Silicon is the second most abundant element on earth. Unfortunately, it’s mostly found in impure forms, not the refined elemental stuff needed for integrated circuits and solar cells.
The existing technology for making pure silicon is mature but it’s expensive and dirty, and it’s optimized for making electronics—not battery electrodes, thermoelectrics, and solar cells, which have different requirements, says Nanjing University’s Jia Zhu. He worked with Yi Cui, a materials scientist at Stanford University, to develop a simple and cheap nanotech trick to get 99.999 percent pure silicon from cheap bulk ferrosilicon.
First they grind bulk ferrosilicon in a ball mill, down to particles smaller than 100 nanometers. Inside the grinder, the material tends to break at points where there are impurities, which are now exposed on the huge surface area of the nanoparticles. A quick dip in a mix of strong acids strips away oxygen and metal impurities, converting the material from 84 percent silicon by weight to 99.999 percent.
This process is a throwback to WWII-era methods for silicon purification, but with a nano twist. Acid etching of silicon has been around since at least 1919, and during the Second World War metallurgical silicon was crushed and etched to make radar components. But this crush-and-etch method never achieved high purity, because no one had focused on getting the particles down to nano size. So an energy-intensive, expensive process that leads to very high purity became standard. The Siemens method uses temperatures of over 1000° C, to purify and deposit pure silicon from gases. It can produce very high purities, including the 99.9999999 percent pure silicon needed for today’s integrated circuits.
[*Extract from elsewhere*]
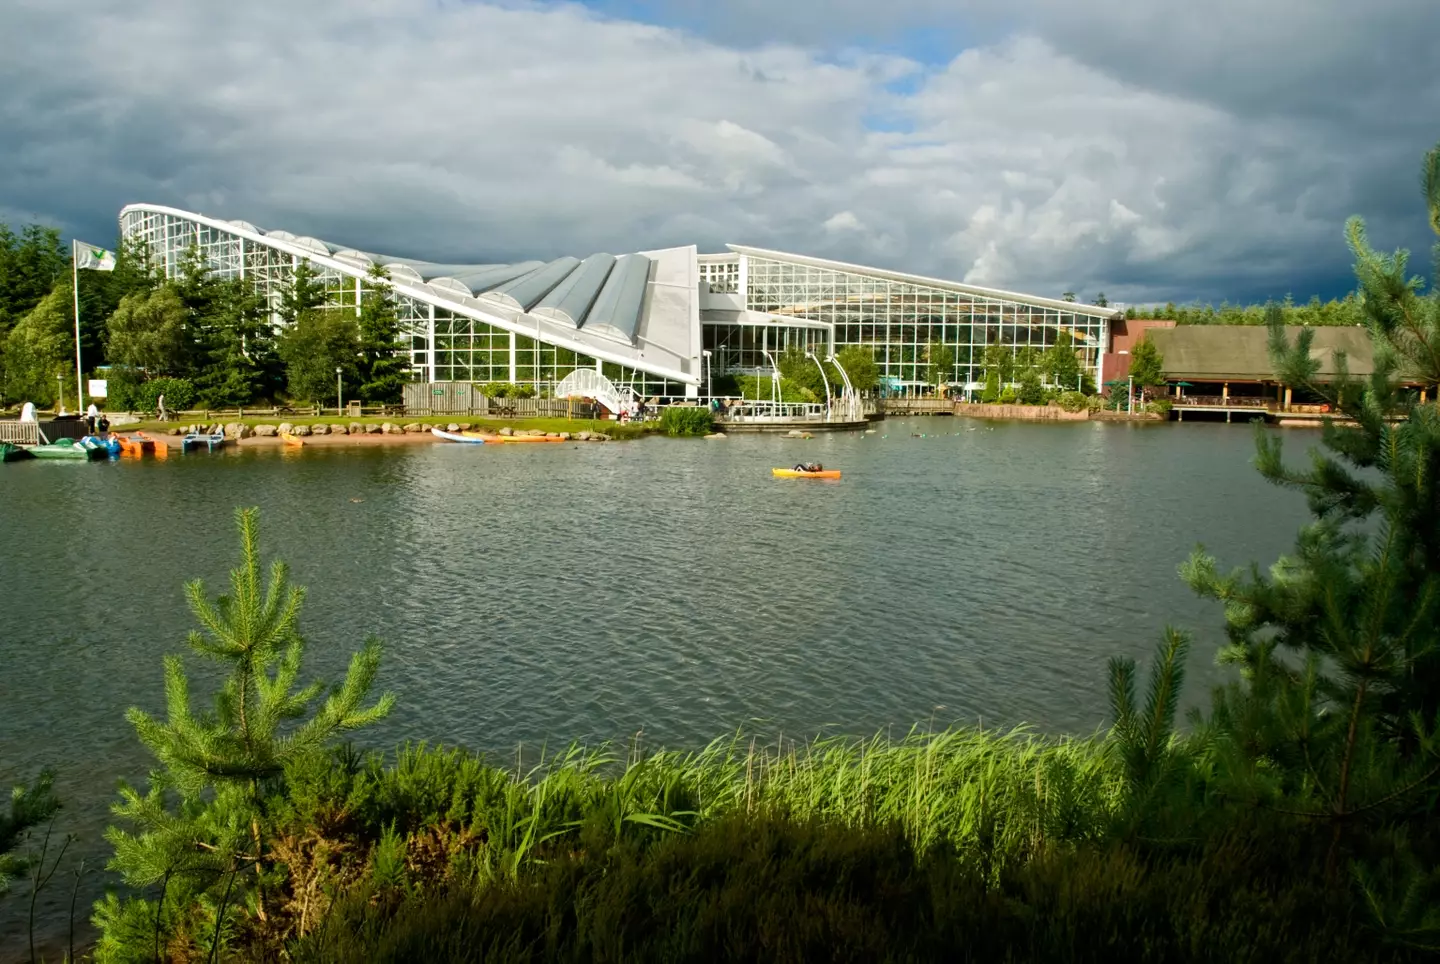 Center Parcs has six resorts in the UK and Ireland.

Zhu and Cui’s method can’t achieve those kinds of numbers, but 99.999 percent is good enough to make thermoelectric devices and battery electrodes with. In their 19 October paper on the nanopurification process in theProceedings of the National Academy of Sciences, the researchers show they can make an anode for a working battery with their cheaper silicon. Silicon anodes are a big area of research in Cui’s lab and the core technology of the company he founded, Amprius.
The costs vary depending on the specific application, but Zhu and Cui believe their process could save a lot of money. Bulk ferrosilicon costs about US $1 per kilogram, and their process for making silicon that’s 99.999 percent pure, or “five nines”, shouldn’t add substantially to that.
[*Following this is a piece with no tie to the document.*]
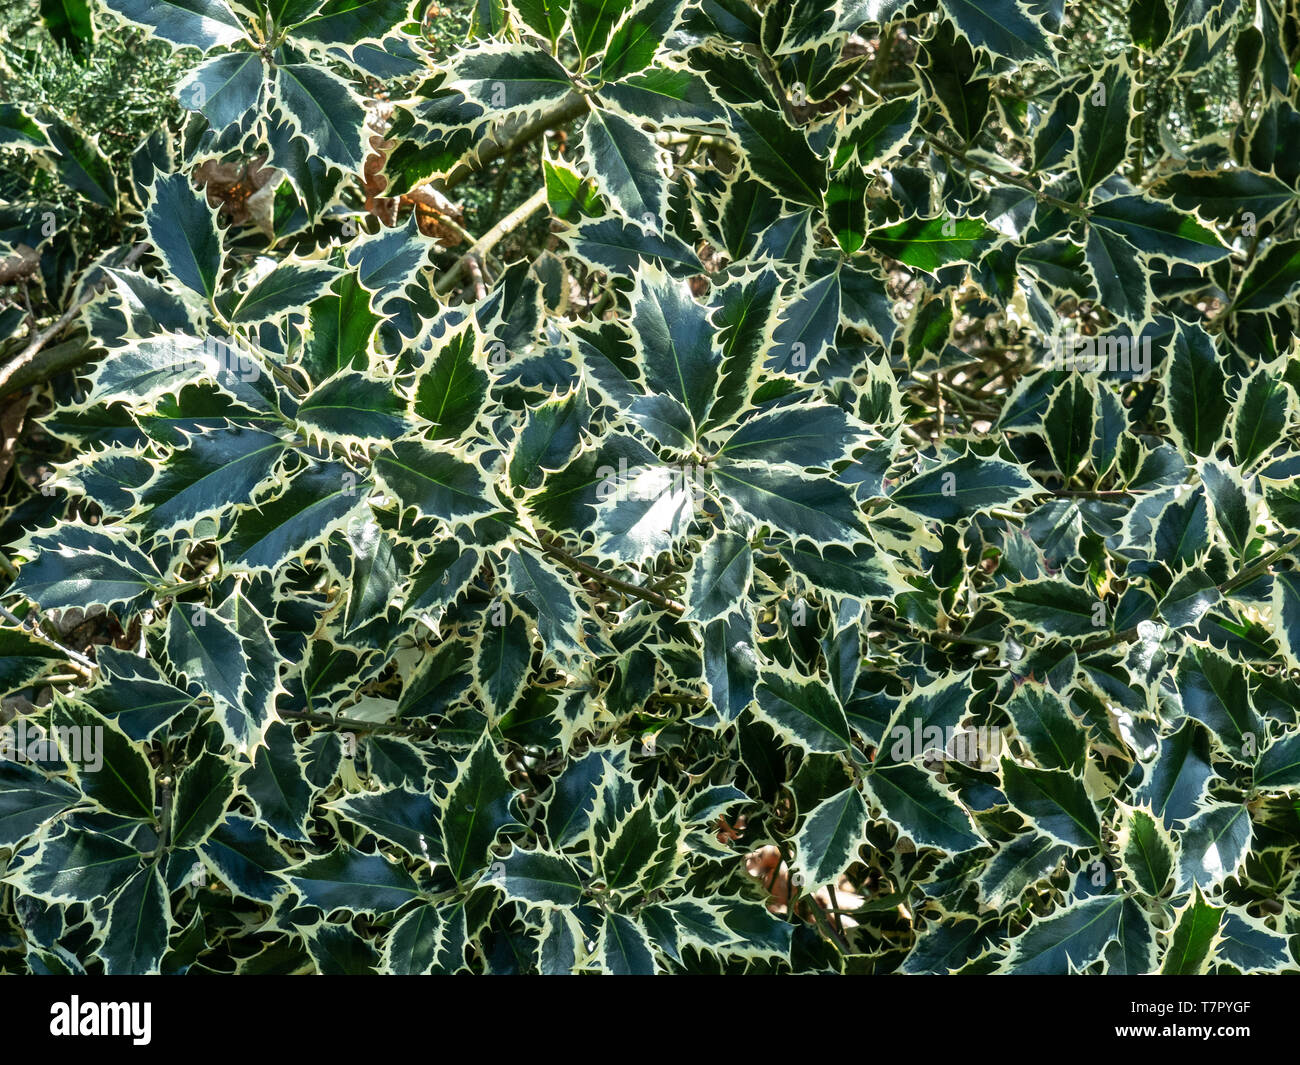 The silver edged foliage of Ilex Handsworth New Silver filling the complete frame Stock Photo

Silicon for solar cells typically has to be six nines and costs $50 to $100/kg, says Zhu. The group is in striking distance of six nines, but he says it may not be necessary to get there. He’s working on making five-nines silicon solar cells that uses new light trapping designs. He also notes that most of the remaining impurities are boron and phosphorus, the elements used for the p– and n-type doping that give silicon its bandgap. So if he can figure out how to remove one or the other at a time, the cheap silicon may come pre-doped.
A recent study of capital costs for building new solar factories suggests that bringing down the cost of purifying silicon could make a difference in the solar market. In an analysis published in Energy & Environmental Science in September, researchers at MIT and the National Renewable Energy Laboratory worry that the capital expense of opening new PV factories could slow the growth of the solar industry. Tonio Buonassisi and his colleagues pin a large chunk of that capital expense on the materials: 45 percent of total capital expense in opening a new solar factory goes to the equipment and facilities needed to purify silicon and grow it into crystalline hunks. And 17 percent of the total capital expense comes from the purification method Zhu wants to replace, the high temperature Siemens purification process.
Buonassisi and crew write that due to high capital costs, the current growth rate of the solar industry, about 50 percent annually, is not sustainable; something more like 19 percent per year is more realistic. Disruptive technology’s like Zhu’s could help, down the line. “Silicon is so abundant and the processes are so mature, but we can still make it cheaper,” says Zhu.